==== Exercise material ====

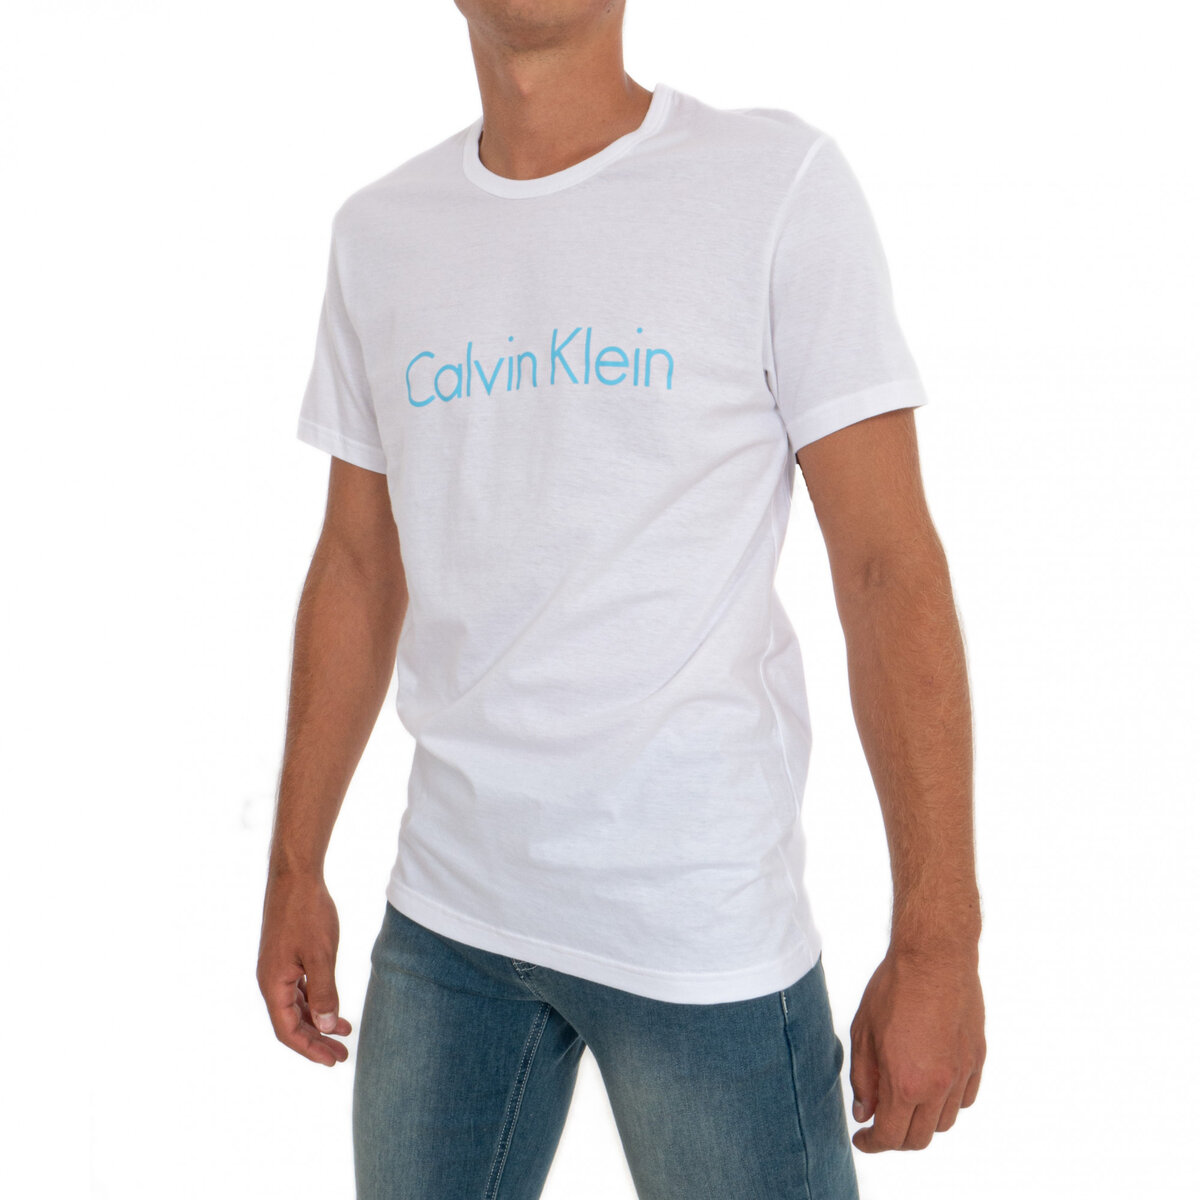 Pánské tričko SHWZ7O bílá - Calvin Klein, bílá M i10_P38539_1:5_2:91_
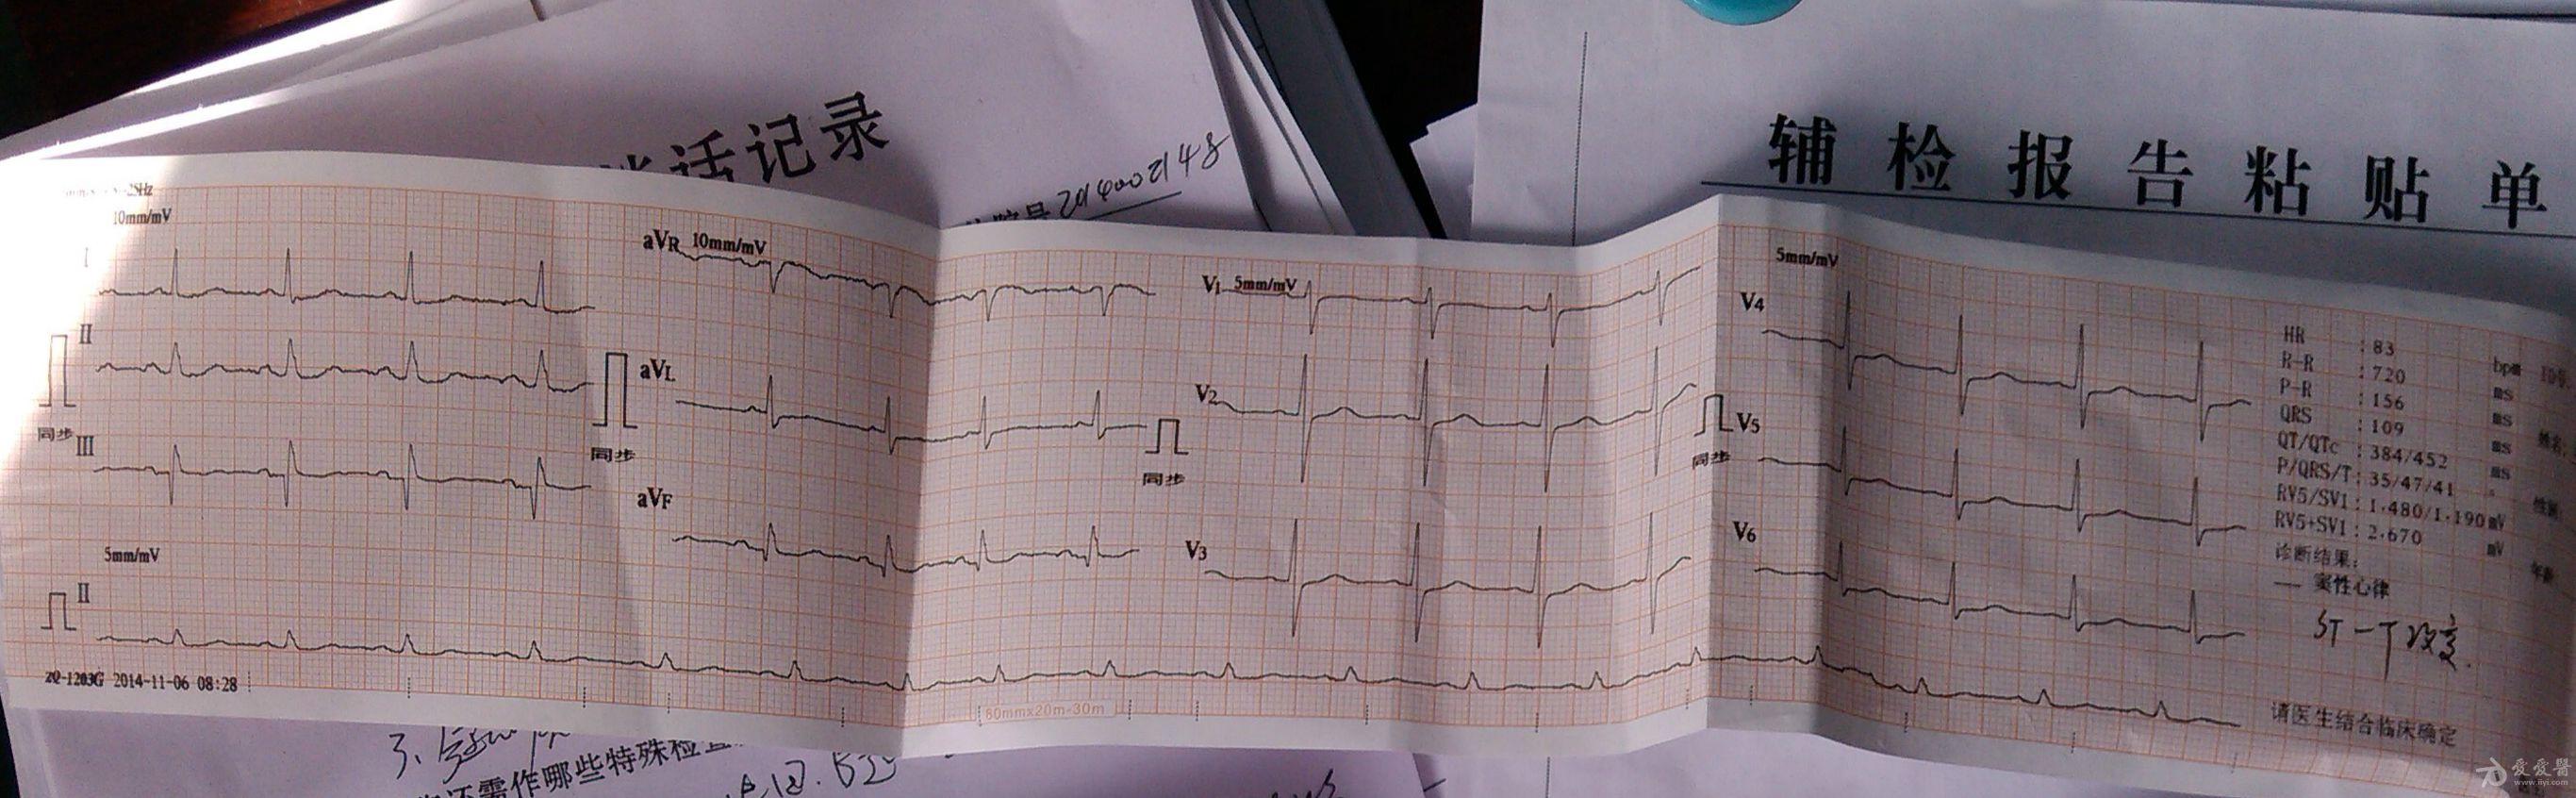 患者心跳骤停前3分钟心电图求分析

====
==== Exercise material ====

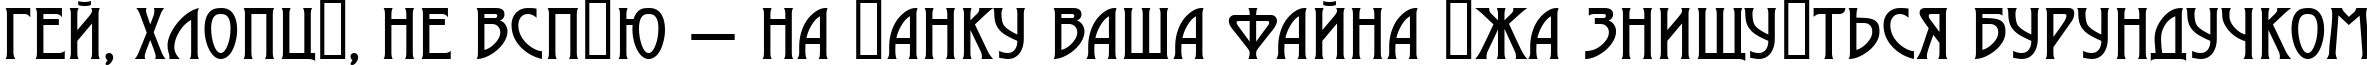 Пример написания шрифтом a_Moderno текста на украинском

====

§ **Required action**: Exact copy, pictures excluded: from the line with "Pánské tričko SHWZ7O" up to and including the line with "患者心跳骤停前3分钟心电图求分析" in the data above.

§ **Task output**:
 Pánské tričko SHWZ7O bílá - Calvin Klein, bílá M i10_P38539_1:5_2:91_
 患者心跳骤停前3分钟心电图求分析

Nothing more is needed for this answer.